Thursday 4 July 2013

IVF-ICSI NO 5

Here we go again. I feel the right time has come... Since IVF No 4 Clinic still have RM 3000 of my money, i will give another try with the clinic.

Set my appointment with Dr Tee on 29 October 2012. That was my CD12. My plan was to have  the stimulation protocol in the final week of November. Apparently Dr Tee has scheduled his time frame and my calendar does not suit him. So he asked me to take BCP starting 9 November 2012 to delay my menses so he could do OPU on middle of december. It's a bit tricky to start BCP on CD 23 as i know BCP usually taken on CD2...

Knowing my body never follow any rules, it has its own mind.... my menses came on 25 November 2012. CD 39.  Next day I went to the clinic as i already have an appt with the embryologist. I told the embryologist at the reception that my AP have arrived yesterday... She said better see the doctor first.
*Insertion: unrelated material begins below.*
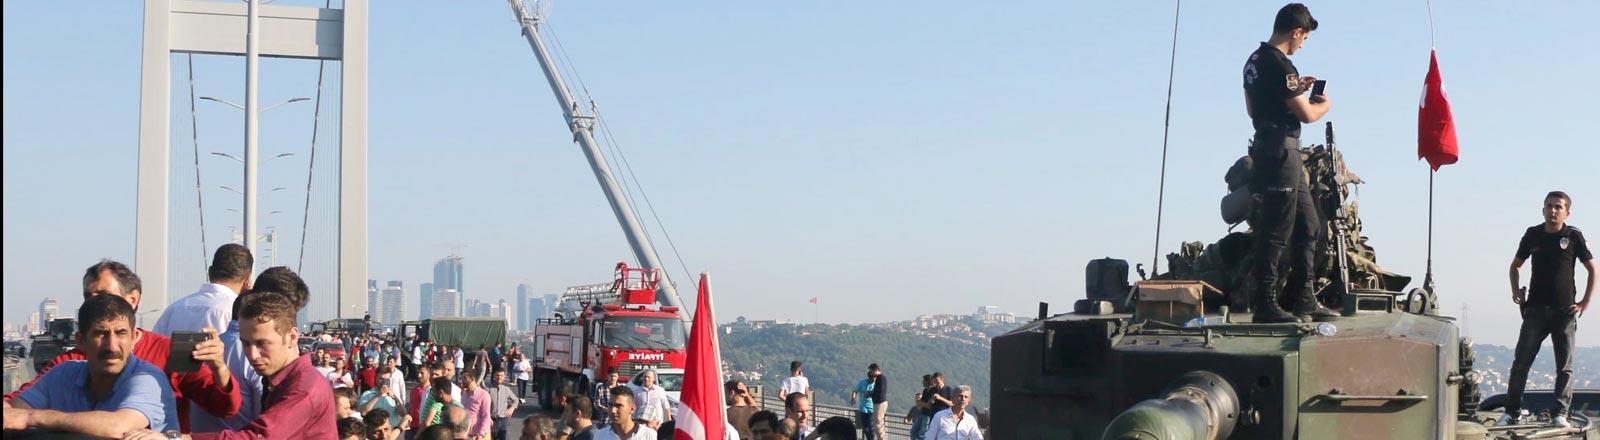 Putschversuch des Militärs in der Türkei 2016.

So went in and Dr Tee did TVS on me and said yup that is your menses. You can start taking your suprefact starting today and come and see me back this thursday. He even took some blood for progesterone level.

So starting 26 November 2012 20cc Suprefact daily 7.30 am.

On the 29th I came back to see Dr Tee, he was busy saying that I could start the stimulation. My first question to him was "Don't you want to review my blood test first?"...... Then he begin flipping my file and could not find the test result. So he asked his nurse to bring in the result. My progesterone was low, to confirm that was indeed my menses.

I was asked to take 225 of GonalF and 150 of folliova starting 30/11/2012 friday daily at 8 pm

My new routine
morning 20 unit suprefact
evening 225 gonal f + 150 folliova

Next appointment would be 8/12/2012 morning at Metro Klang.



8/12/2012 Beautiful sunny saturday morning. The trip to Metro clinic was uneventful. I have to go alone. DH in Hong Kong, he'll be back in the evening. Dr Tee was not around. So went to see the sonographer. A quick TVS scan.... Left ovary about 3-4 follicles. Biggest was 19x18 the rest was smaller <15. Right ovary was hard to detect, she could see 1 follicle in the size of 16 or something and the rest was unclear. Then she told me she need to do a tummy scan for my right ovary. she found 2 follicles with the size of 28x25 and 26x24.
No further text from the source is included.